Salesforce Incremental Load Setup (Snowflake)

1. Connection Details

Page 1 of the wizard gives users a brief explanation of the Salesforce Incremental Load generator, and requires basic connection information.

Salesforce OAuth

Here, users can select a configured Salesforce OAuth entry from the dropdown list. To add a new OAuth entry, or edit or remove existing entries, click the Manage button and refer to Salesforce Query Authentication Guide to learn how to set up and authorize a Salesforce OAuth entry.

In this example. an OAuth entry named "Salesforce" has been selected.

Parameter | Value

Next, specify any connection options. These exist as parameter=value pairs. To add a parameter, click . Users can consult the Salesforce Data Model for more information about connection options.

Sync Deleted Records

Check this box if you wish to synchronize record deletions from source data to the target table. By default, this box is not checked.

Click Next.

2. Data Sources

Page 2 of the wizard focuses on the data sources (tables) to load. If the OAuth entry and connection options were applied successfully, page 2 will show the success message.

Data Sources

Use the arrow buttons to select which data sources to add to the incremental load. Data sources in the left column are not set to be included; data sources in the right column will be included in the incremental load.

By default, the right column is empty, and users must manually add the columns they wish to load.

In this example, the data sources "Account" and "AcceptedEventRelation" have been selected for the incremental load.

Use the text fields above the columns to refine your searches.

Click Next.

3. Columns

Page 3 of the wizard requires users to confirm the columns to be loaded from each selected data source.

Select Columns

Click to navigate into a similar multiple-select dialog that is unique to the data source and its columns. From here, use the arrow buttons to add or remove any columns. By default, all columns are set to be loaded.

Click Next.

4. Staging Configuration

Page 4 of the wizard requires users to specify details for data staging.

Property Setting Description
Staging Table Prefix String Specify a prefix to be added to all tables that are staged.
Staging Warehouse Select Select the staging warehouse.
Staging Database Select Select the staging database.
Staging Schema Select Select the staging schema.

Click Next.

5. Target Configuration

Page 5 of the wizard requires users to specify target data warehouse details.

Property Setting Description
Target Table Prefix String Specify a prefix to be added to all tables in the load.
Target Warehouse Select Select the target warehouse.
Target Database Select Select the target database.
Target Schema Select Select the target schema.
Concurrency Select Select whether to load data in a concurrent or sequential method.

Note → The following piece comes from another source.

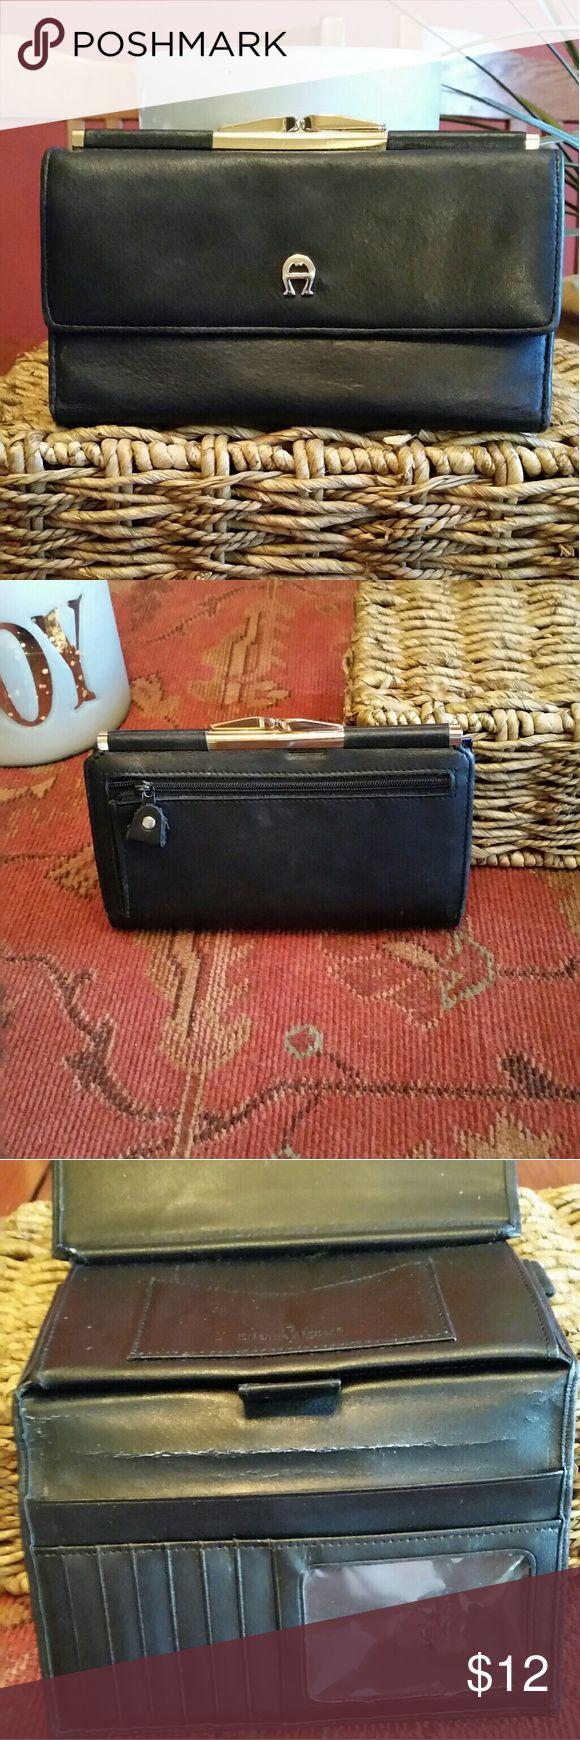 Etienne aigner black leather gloves - Vintage Etienne Aigner Black Leather Wallet Very Good Condition Shows No Signs Of Wear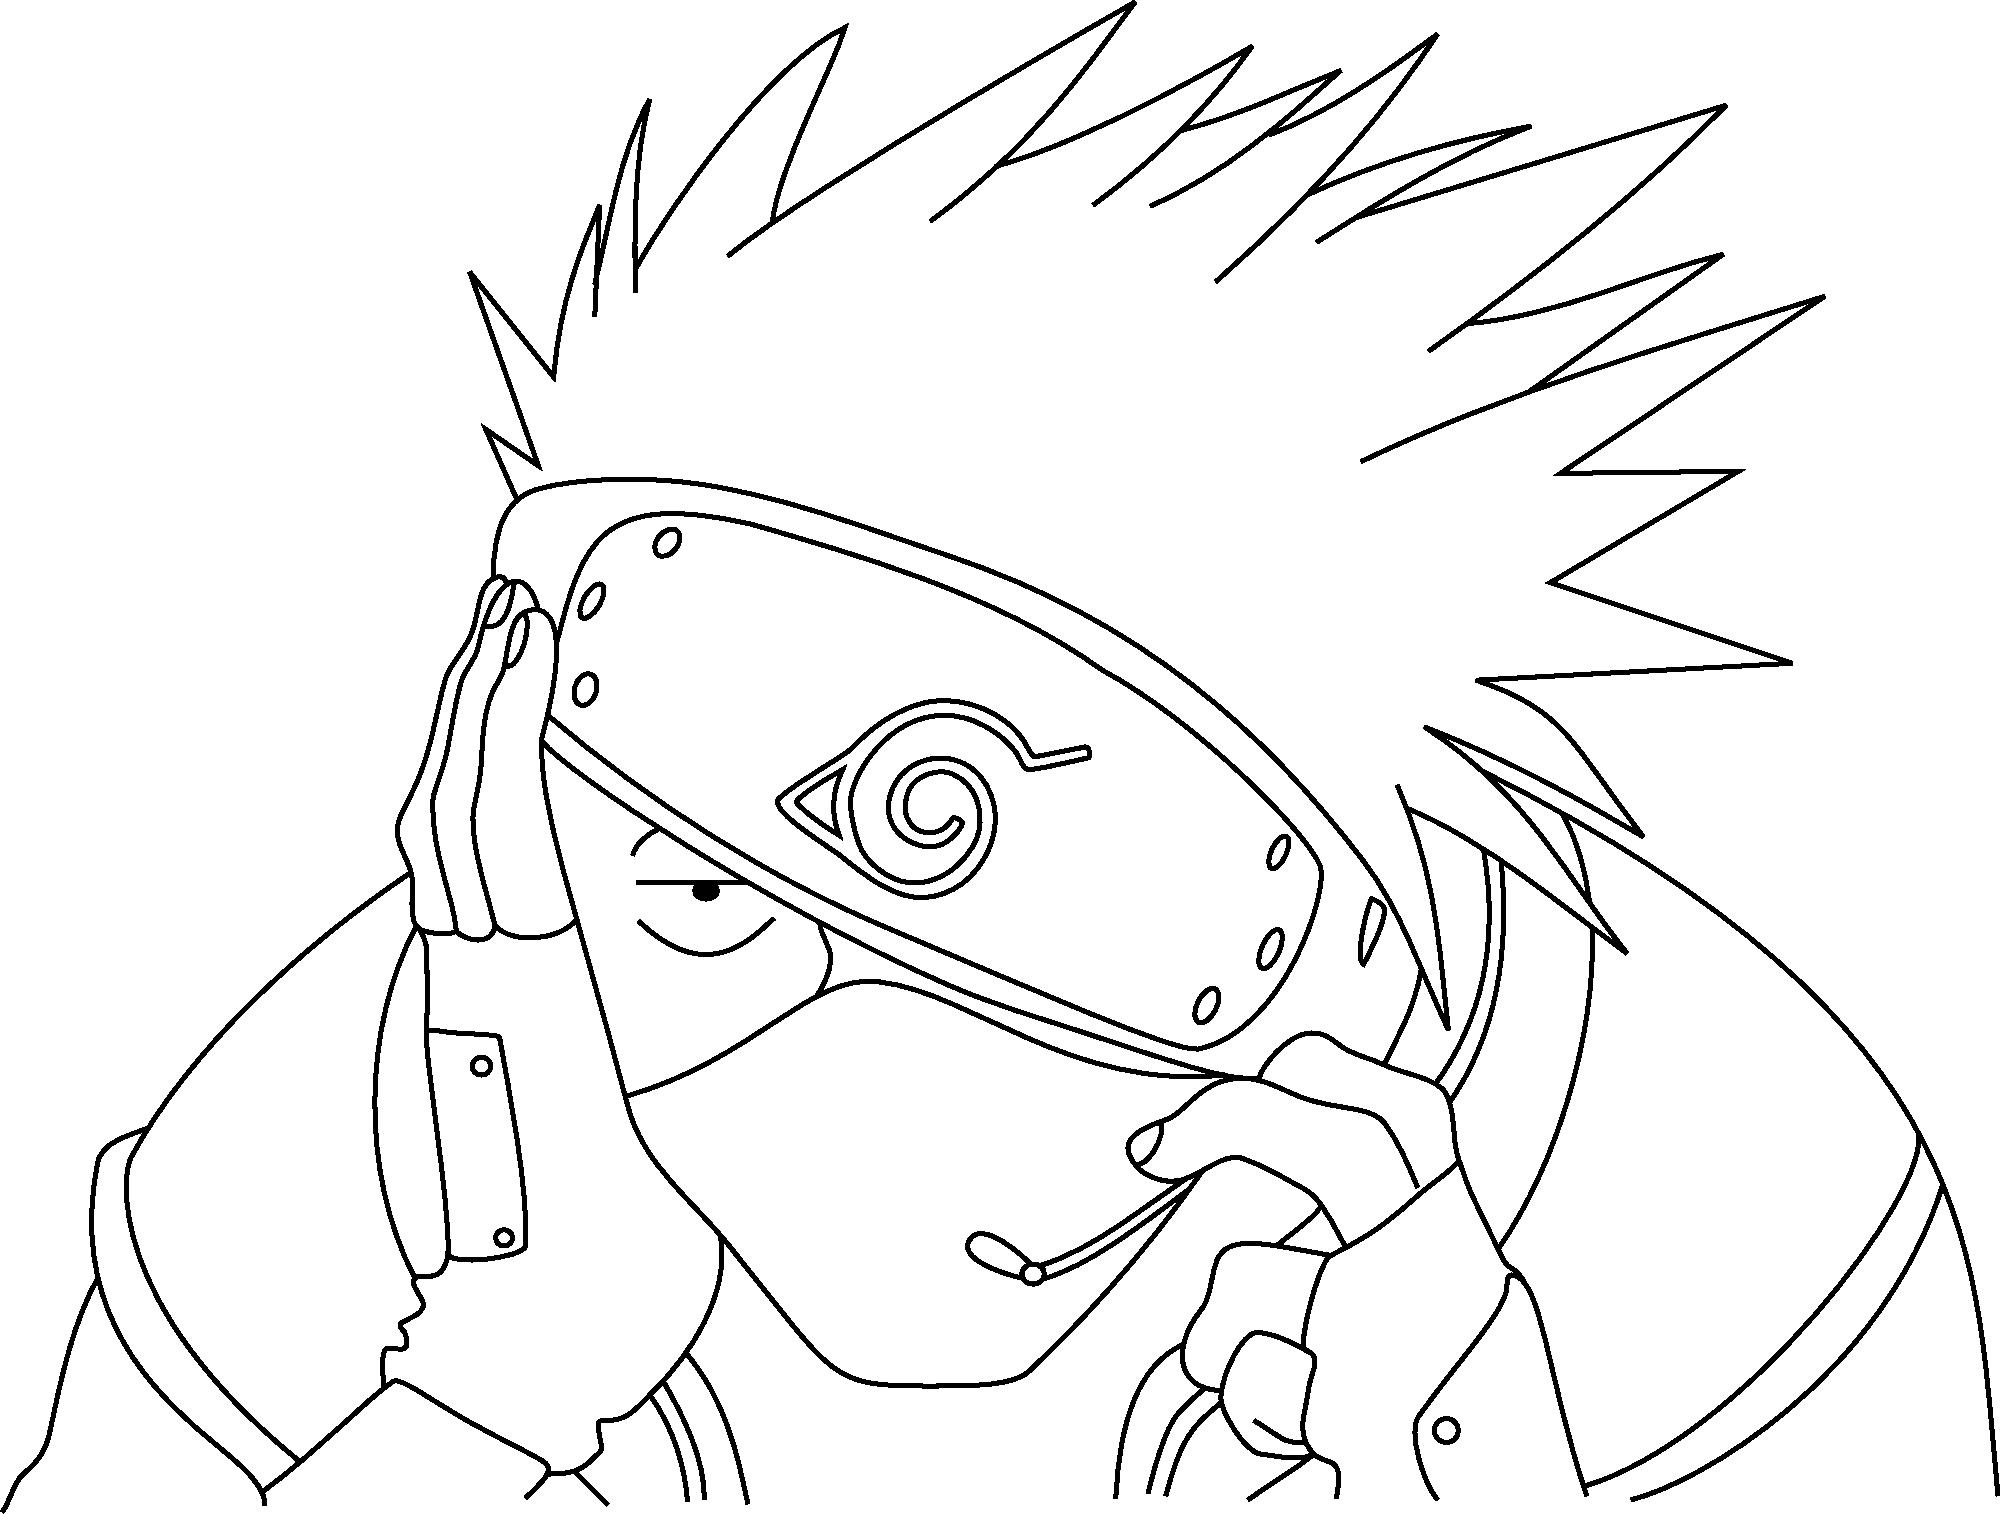 Kakashi Lineart : Kakashi lineart by prinzessinvegeta on deviantart

Click Create & Run to finish the setup, or else click Back to cycle back through the wizard and make any desired changes.


Salesforce Incremental Load Setup (Redshift)

1. Connection Details

Page 1 of the wizard gives users a brief explanation of the Salesforce Incremental Load generator, and requires basic connection information.

Salesforce OAuth

Here, users can select a configured Salesforce OAuth entry from the dropdown list. To add a new OAuth entry, or edit or remove existing entries, click the Manage button and refer to Salesforce Query Authentication Guide to learn how to set up and authorize a Salesforce OAuth entry.

In this example an OAuth entry named "Salesforce" has been selected.

Parameter | Value

Next, specify any connection options. These exist as parameter=value pairs. To add a parameter, click . Users can consult the Salesforce Data Model for more information about connection options.

Sync Deleted Records

Check this box if you wish to synchronize record deletions from source data to the target table. By default, this box is not checked.

Click Next.

2. Data Sources

Page 2 of the wizard focuses on the data sources (tables) to load. If the OAuth entry and connection options were applied successfully, page 2 will show the success message.

Data Sources

Use the arrow buttons to select which data sources to add to the incremental load. Data sources in the left column are not set to be included; data sources in the right column will be included in the incremental load.

By default, the right column is empty, and users must manually add the columns they wish to load.

In this example, the data sources "Account" and "AcceptedEventRelation" have been selected for the incremental load.

Use the text fields above the columns to refine your searches.

Click Next.

3. Columns

Page 3 of the wizard requires users to confirm the columns to be loaded from each selected data source.

Select Columns

Click to navigate into a similar multiple select dialog that, but that is unique to the data source and its columns. From here, use the arrow buttons to add or remove any columns. By default, all columns are set to be loaded.

Click Next.

4. Configuration

Page 4 of the wizard requires users to specify data warehouse details.

Property Setting Description
Staging Bucket Select Select the S3 bucket from the dropdown list for data staging. The available buckets depend on the selected Redshift cluster.
Staging Table Prefix String Specify a prefix to be added to all tables that are staged.
Stage Schema Select Select the Redshift schema via which tables will be staged.
Target Table Prefix String Specify a prefix to be added to all tables in the load.
Target Schema Select Select the Redshift schema into which tables will be loaded.
Target Distribution Style Select Select the distribution style.
  1. All Copy rows to all nodes in the Redshift Cluster.
  2. Even Distribute rows around the Redshift cluster evenly. This is the default setting.
Concurrency Select Select whether to load data in a concurrent or sequential method.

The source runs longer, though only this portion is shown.